• ACTIVITY: In the records below, find the line with "SA05008.1 - SAINT" and repeat exactly every line from it through the line with "Mezzanine Floor, total". Pictures stay out.
RAW DATA START
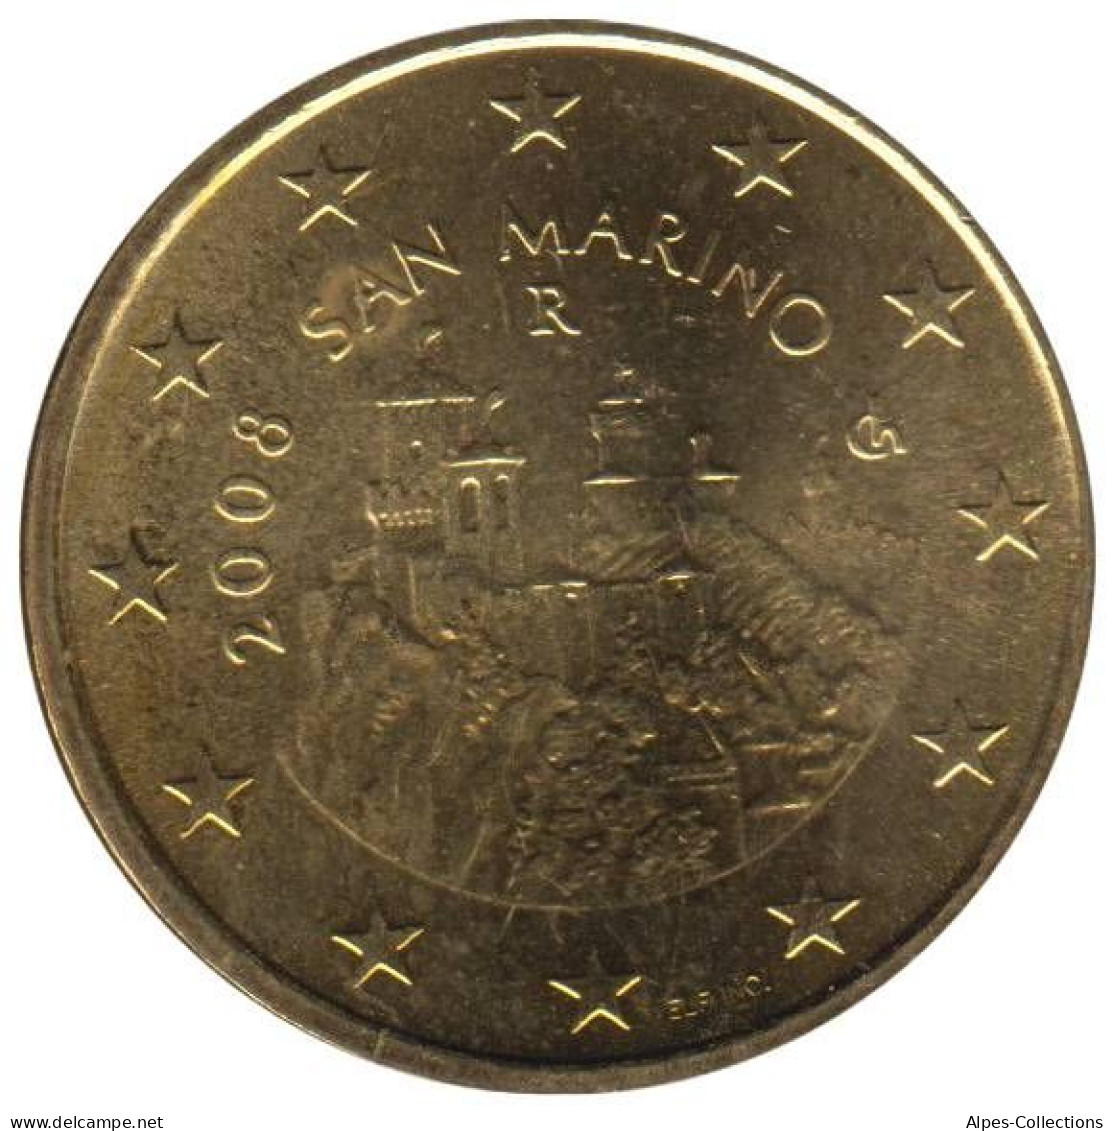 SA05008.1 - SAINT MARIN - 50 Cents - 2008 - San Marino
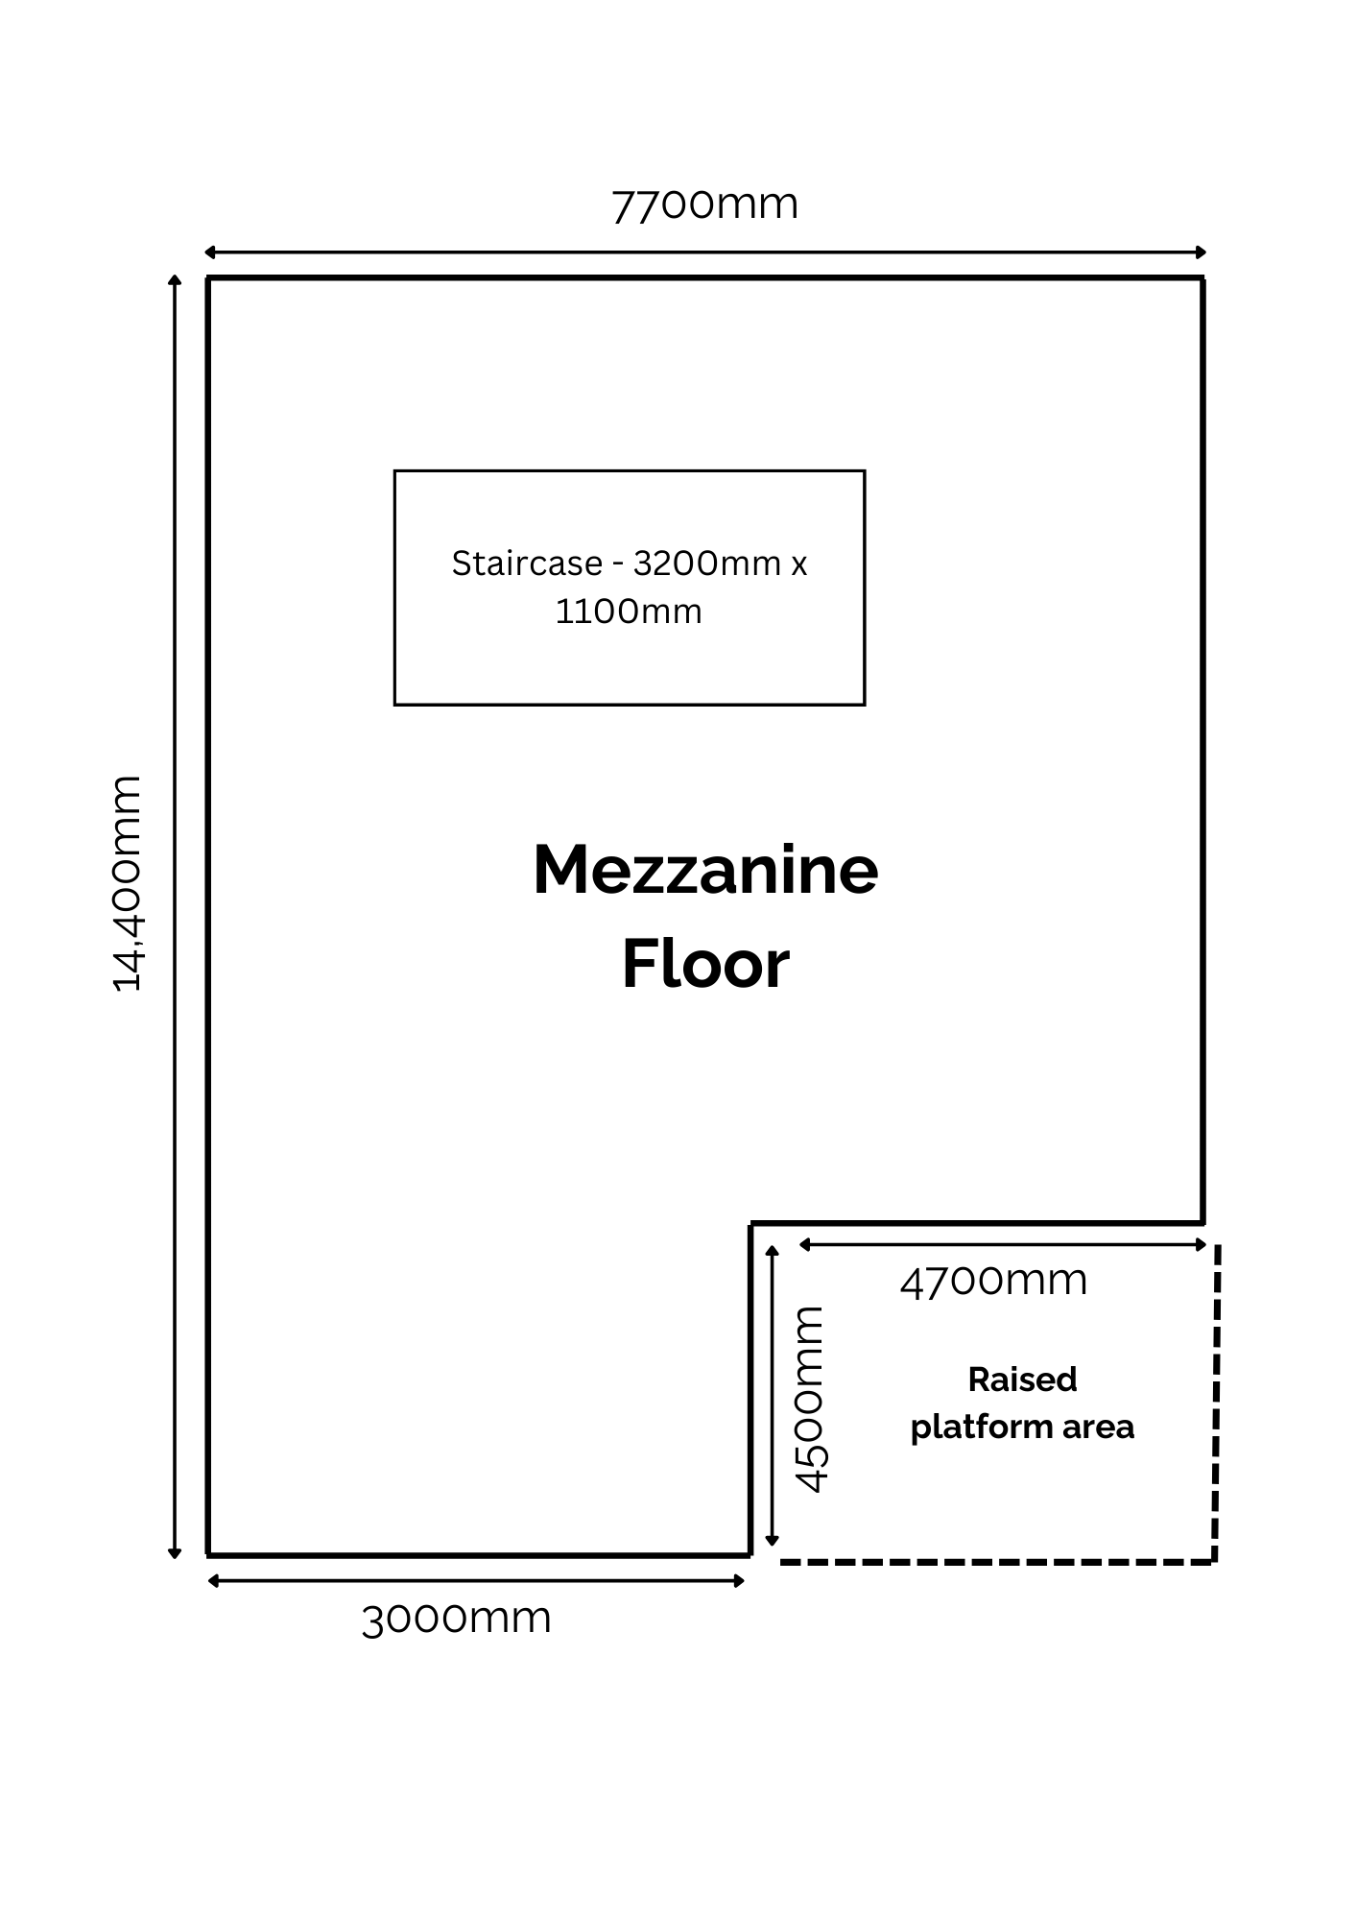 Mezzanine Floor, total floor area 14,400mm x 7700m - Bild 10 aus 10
RAW DATA END
RAW DATA START
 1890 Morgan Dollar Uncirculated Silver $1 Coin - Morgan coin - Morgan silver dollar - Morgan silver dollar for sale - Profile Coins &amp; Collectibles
RAW DATA END
• EXERCISE RESPONSE:
 SA05008.1 - SAINT MARIN - 50 Cents - 2008 - San Marino
 Mezzanine Floor, total floor area 14,400mm x 7700m - Bild 10 aus 10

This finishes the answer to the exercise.